Koskas, 14, is a high school student from a small city in central Israel who takes ballet classes and hopes to be a dancer. Brickell, 71, is a retired schoolteacher from Ottawa, Canada.
…
The Israeli teen and the Canadian retiree are participants in Israel Connect, a program where older North American adults tutor Israeli kids in English once a week via video chat. For seniors like Brickell, the program is a relatively easy way to connect with Israel and help kids. For kids like Koskas, the sessions expand their vocabulary, improve their pronunciation and introduce them to North American culture (she now knows how to pronounce “read” in the past tense, for example).
Of all the countries in the world that are begging for native English speakers, these boomers choose Israel. Not Ukraine, or Italy, or Poland or countless other white nations with established online teaching programs.
Israel.
The same Israel that attacked the USS Liberty, organized 9/11 and invented the Holohoax. That’s the country whose kids should be educated for free (yes, this is voluntary).
*Clink*
The program began in 2011 as a side project of Sarah Gordon, a Canadian with Israeli parents who taught Hebrew in Ottawa. A former classmate of Gordon who taught English in Israel told her about some of her Arab-Israeli students who were struggling to pick up what would be their third language. So Gordon matched them with Canadian seniors she knew who could tutor them from afar.

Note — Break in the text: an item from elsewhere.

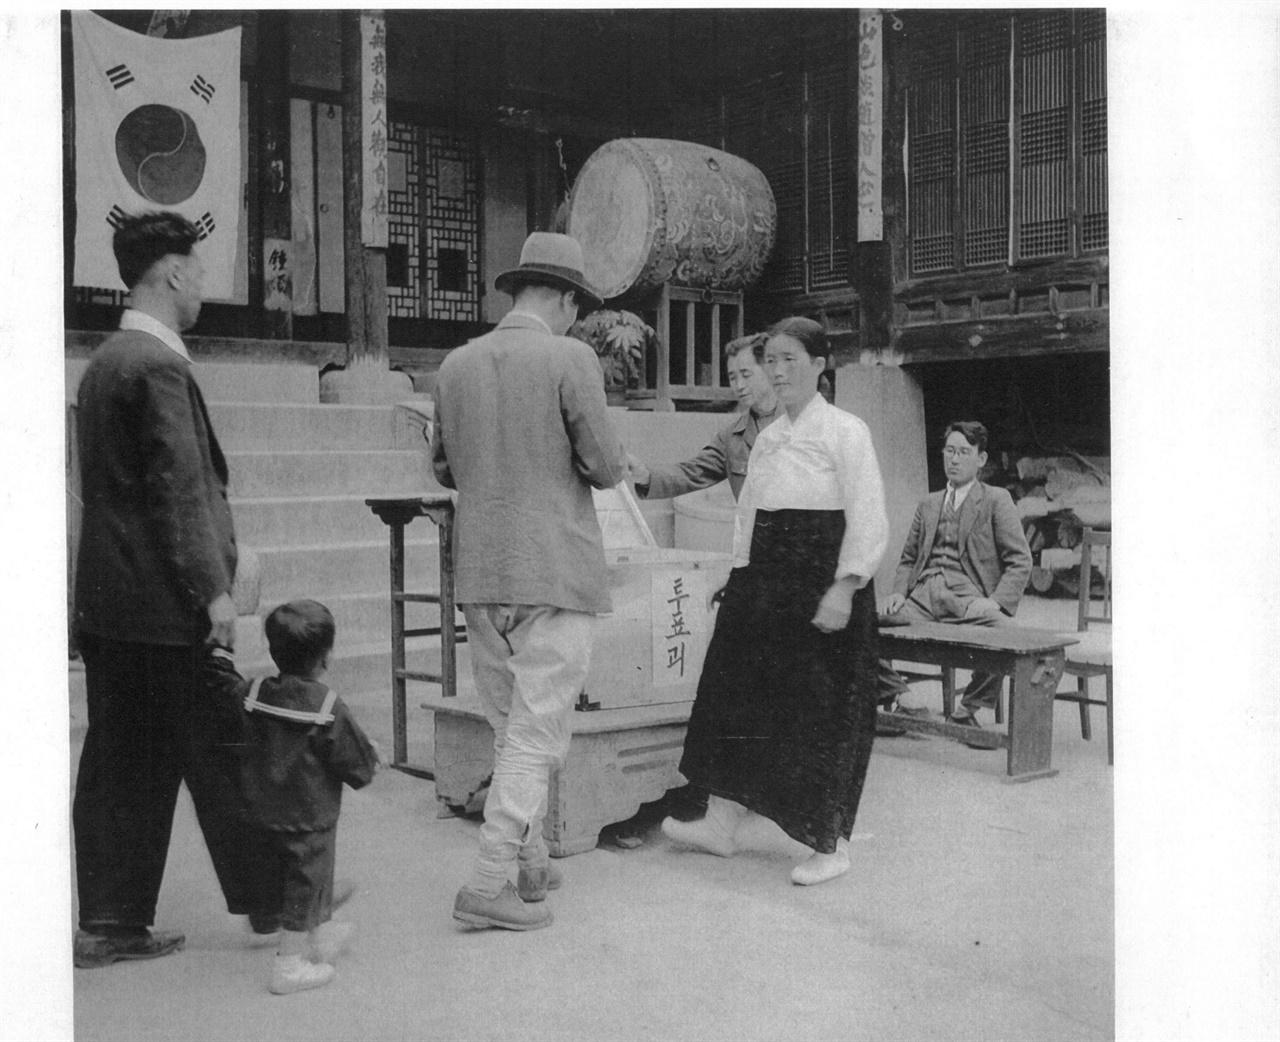 5. 10 총선거에서 투표하는 유권자들(1948. 5. 10.).

Since then, Israel Connect has mushroomed. It spread to Toronto and a few areas in the United States, from New Jersey to Baltimore to Florida. It now has 400 volunteer tutors, mostly baby boomers and older, and 500 Israeli high school students from 35 schools. Gordon said baby boomers are a good fit because they wake up early and tend to have free time.
You mean that the boomers’ worshipful attitude toward Israel, acquired from consuming tens of thousands of hours of mainstream media, didn’t influence your decision, Sarah? Because I think it did.
If I were an Israeli teen, I’d want to improve my English with someone my own age, not some out-of-touch old person who believes that Windows Explorer is gone forever when minimized.
Why not get some Generation Z teens to teach these Israelis instead?
Oh yeah, lol.
Volunteers say that aside from the tutoring, they enjoy having direct exposure to life in Israel through young people’s eyes. Beverly Grostern, a volunteer from Ottawa, took her first trip to Israel in decades after a year of tutoring an Israeli girl.
Eugh. This generation really is a lost cause.
I’m reminded of that quote from Based Black Man in The Matrix: “We never free a mind once it reaches a certain age. It’s dangerous, and the mind has trouble letting go.”
It might not be dangerous to inform the average boomer that Jews are imperfect beings, but it is pointless. After decades of single-pointed programming, the mind does seem to become “cemented” in its thinking, leaving little room for alternative viewpoints unless the individual is unusually strong-willed.
This is why the Daily Stormer and other propaganda outlets target the young. Kids are the future, yes, but their minds are also most open to new ideas – particularly if those ideas are rebellious and cool.